Yes, it's true. But I don't want to loose the non-deterministic version because it's much faster I think. Maybe we can offer the non-deterministic version without test cases, or to consider good a test if there only exist a small differences between the output and the deterministic results. In other words, just to relax the conditions to pass a test.
What do you think?
Barry, Spark release 2.1.0 is out. Coudl you try your testings in order to know if our problem has been fixed or not, please? As you know, I'm not been able to reproduce the problem in my computer.

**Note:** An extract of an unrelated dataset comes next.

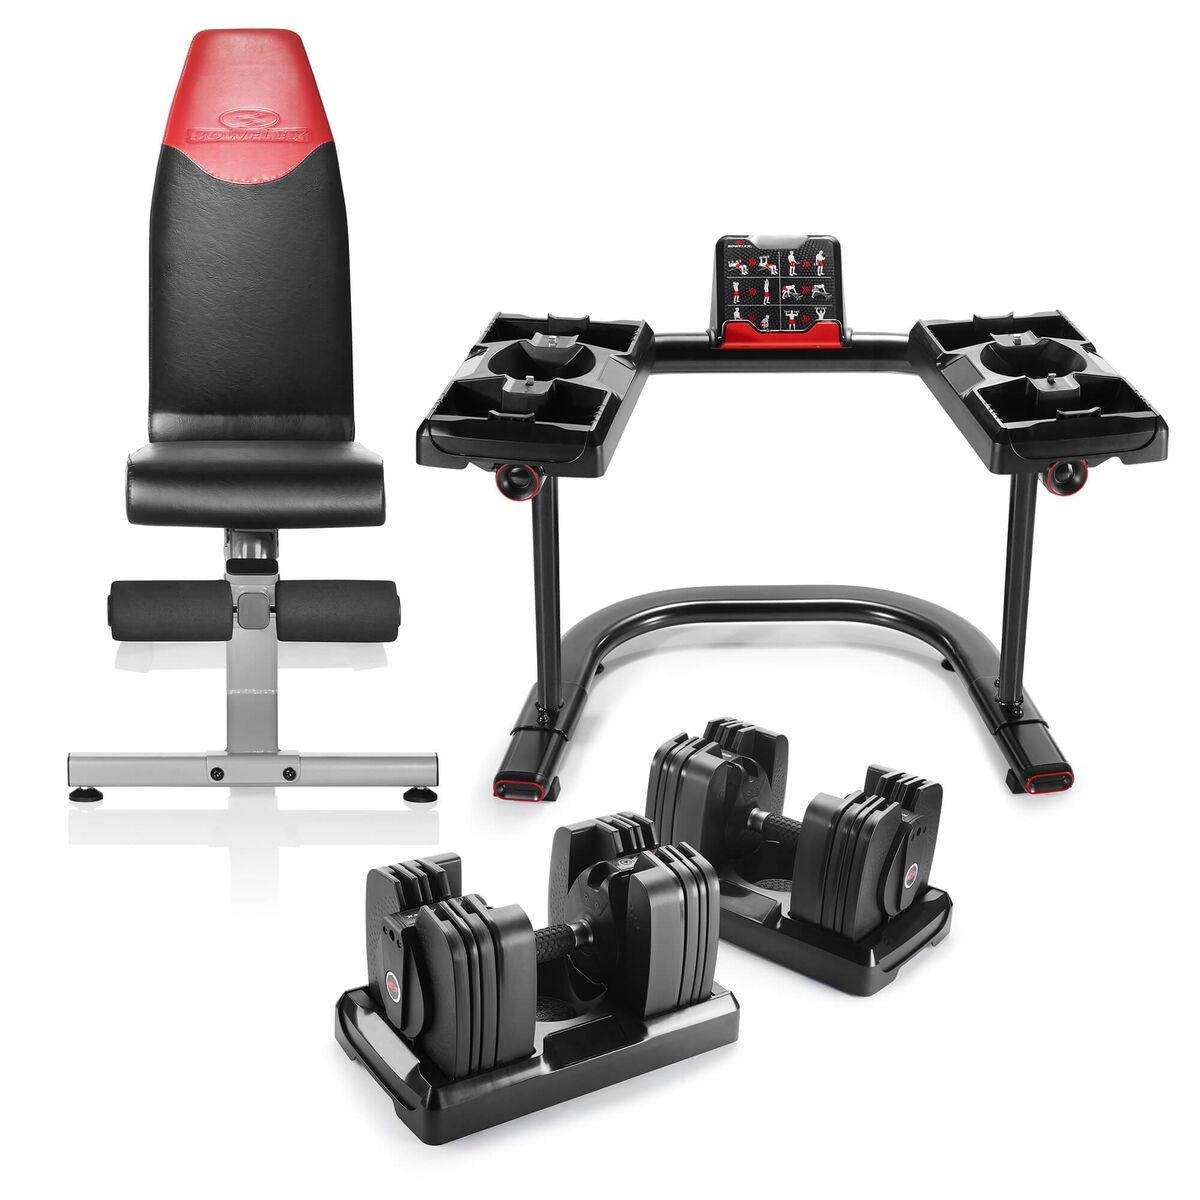 Bowflex Adjustable Dumbbells Exercises: Bowflex SelectTech 560, Bench, And Stand Bundle

Here you can see the notes:
I am running on spark 2.1.0 right now using the mdlp/soark 2.x branch that I created. Yes, it works and is deterministic. It was not any changes in 2.x that fixed the non-determinism problem though.
Do you mean that you try out non-deterministic version and it isn't working?
I have not tried the non-deterministic version on 2.1.
I made three changes to fix non-deterministic behavior. 1) When finding the midpoint, check if one of the values is null. If so, take the other as the midpoint. This avoids having more than one NaN in the split list. 2) Partition by featureIdx when finding initialThresholds. This avoids the need to manage frequencies across boundaries. 3) In ManyValuesFinder removed the call to coalesce. Changing the partitioning within the while loop was causing different splits to be generated. If it is necessary for some reason, an alternative will need to be found.
I ran the tests a couple of dozen times both from within the IDE and on the cmd line on two different computers. They seem to always return consistent results now.